When a DataFrame object is created, an index is assigned to it automatically, which is an address for all the rows. The leftmost column in the preceding example is the index column. By default, the index starts from 0. A custom index can be set by passing an index argument to the DataFrame constructor with the required indices as an iterator. This is shown as follows:

  1. Create a new DataFrame object from time_series_data, with a custom index:
>>> pandas.DataFrame(time_series_data, index=range(10, 20)) 

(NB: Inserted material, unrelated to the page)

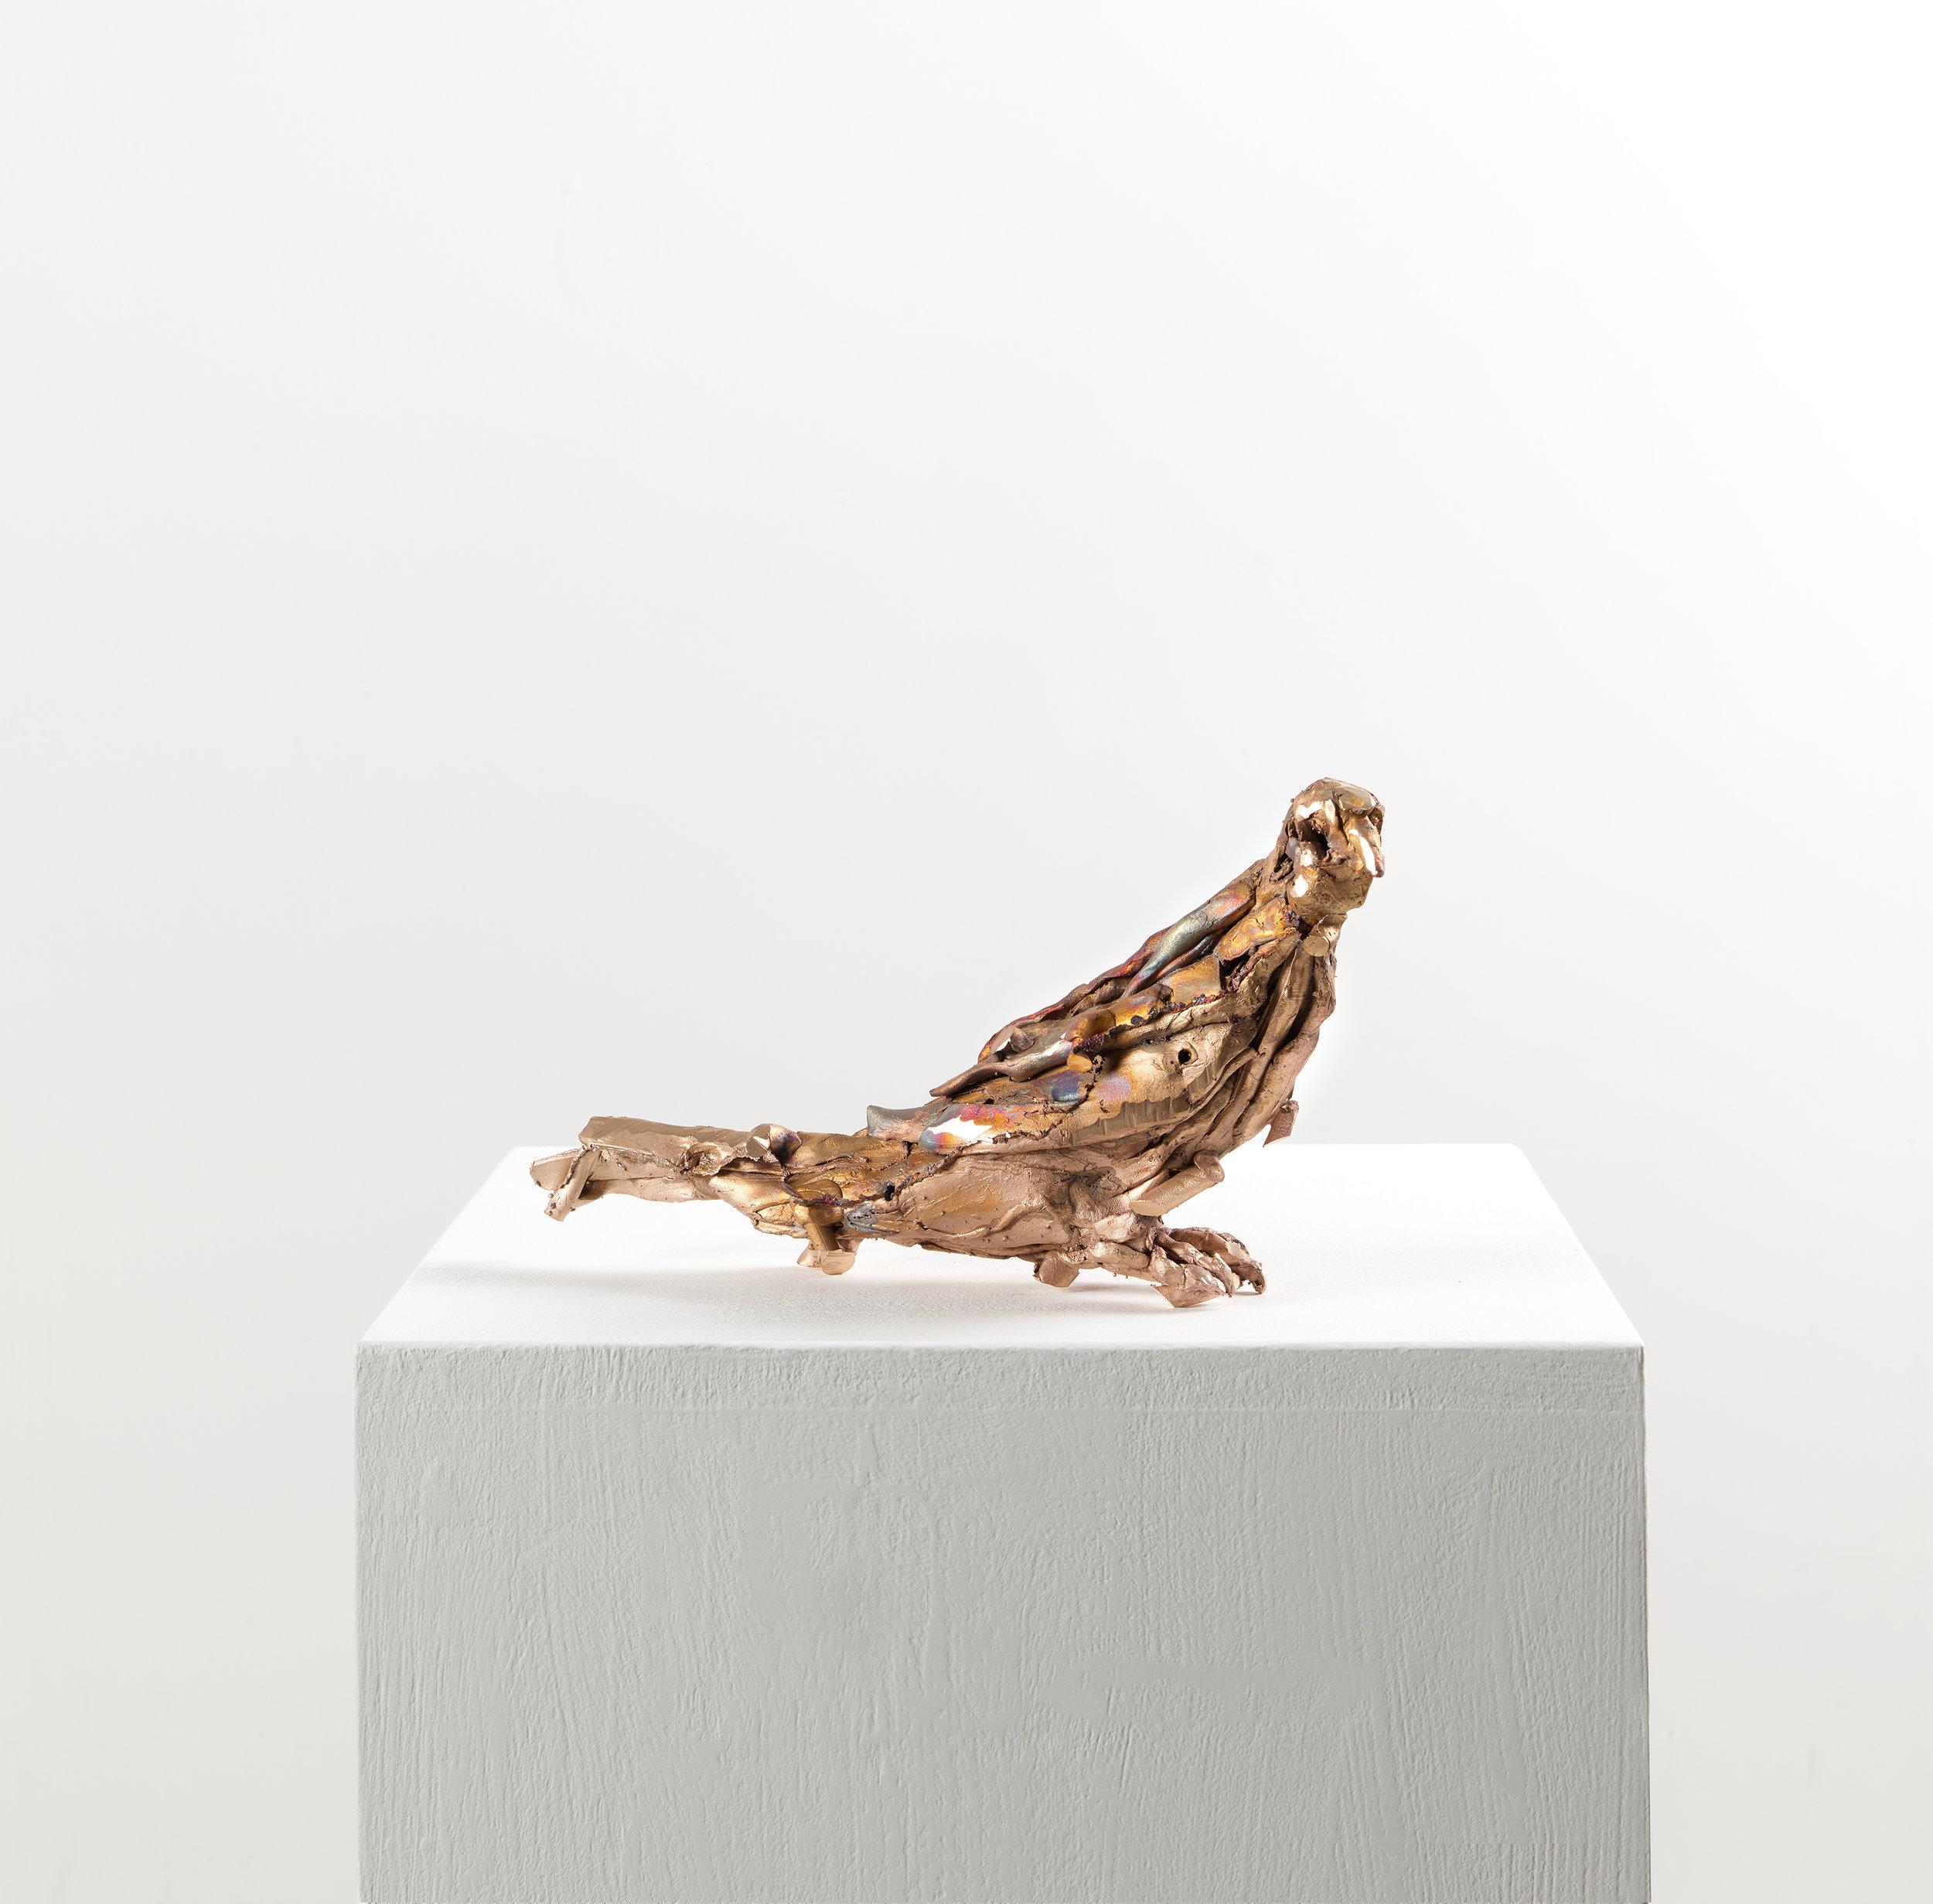 Lionel Sabatté, « Colombe », bronze, 16,5×31×6 cm, 2019, tirage unique.
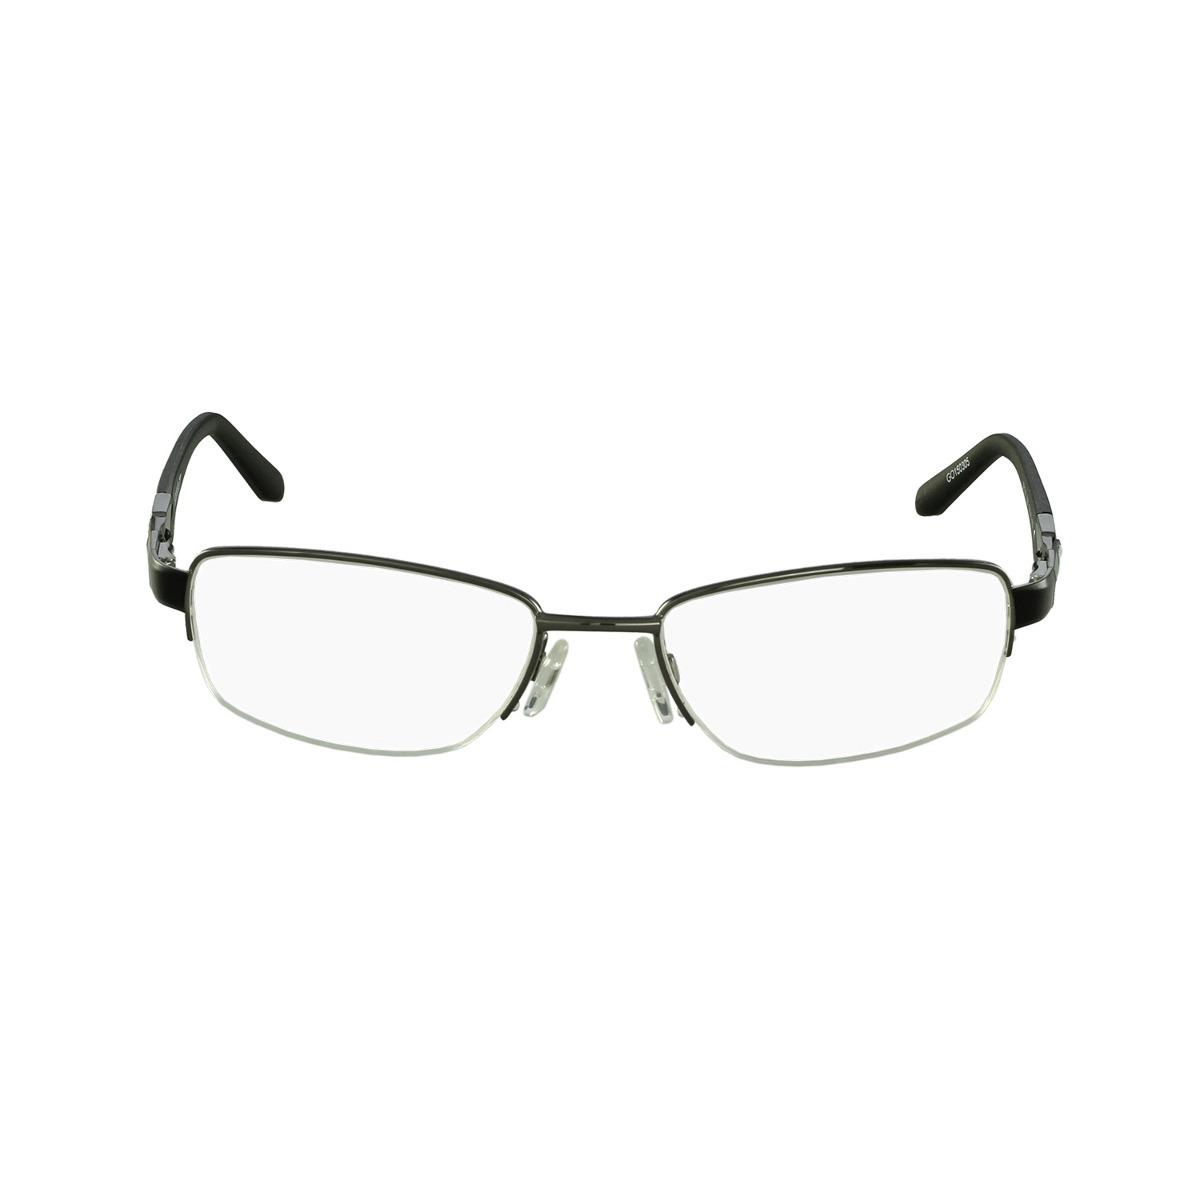 4ef0dd90128a4 Óculos De Grau Speedo Clássico Cinza - R  307,00 em Mercado Livre

We get the following output:

                  date    open    high     low   close volume
10 2019-11-13 09:00:00 71.8075 71.8450 71.7775 71.7925 219512
11 2019-11-13 09:15:00 71.7925 71.8000 71.7800 71.7925 59252
12 2019-11-13 09:30:00 71.7925 71.8125 71.7600 71.7625 57187
13 2019-11-13 09:45:00 71.7600 71.7650 71.7350 71.7425 43048
14 2019-11-13 10:00:00 71.7425 71.7800 71.7425 71.7775 45863
15 2019-11-13 10:15:00 71.7750 71.8225 71.7700 71.8150 42460
16 2019-11-13 10:30:00 71.8150 71.8300 71.7775 71.7800 62403
17 2019-11-13 10:45:00 71.7750 71.7875 71.7475 71.7525 34090
18 2019-11-13 11:00:00 71.7525 71.7825 71.7475 71.7625 39320
19 2019-11-13 11:15:00 71.7625 71.7925 71.7600 71.7875 20190

Note the index in the output starts from 10 and goes up to 19. The default index values would have ranged from 0 to 9.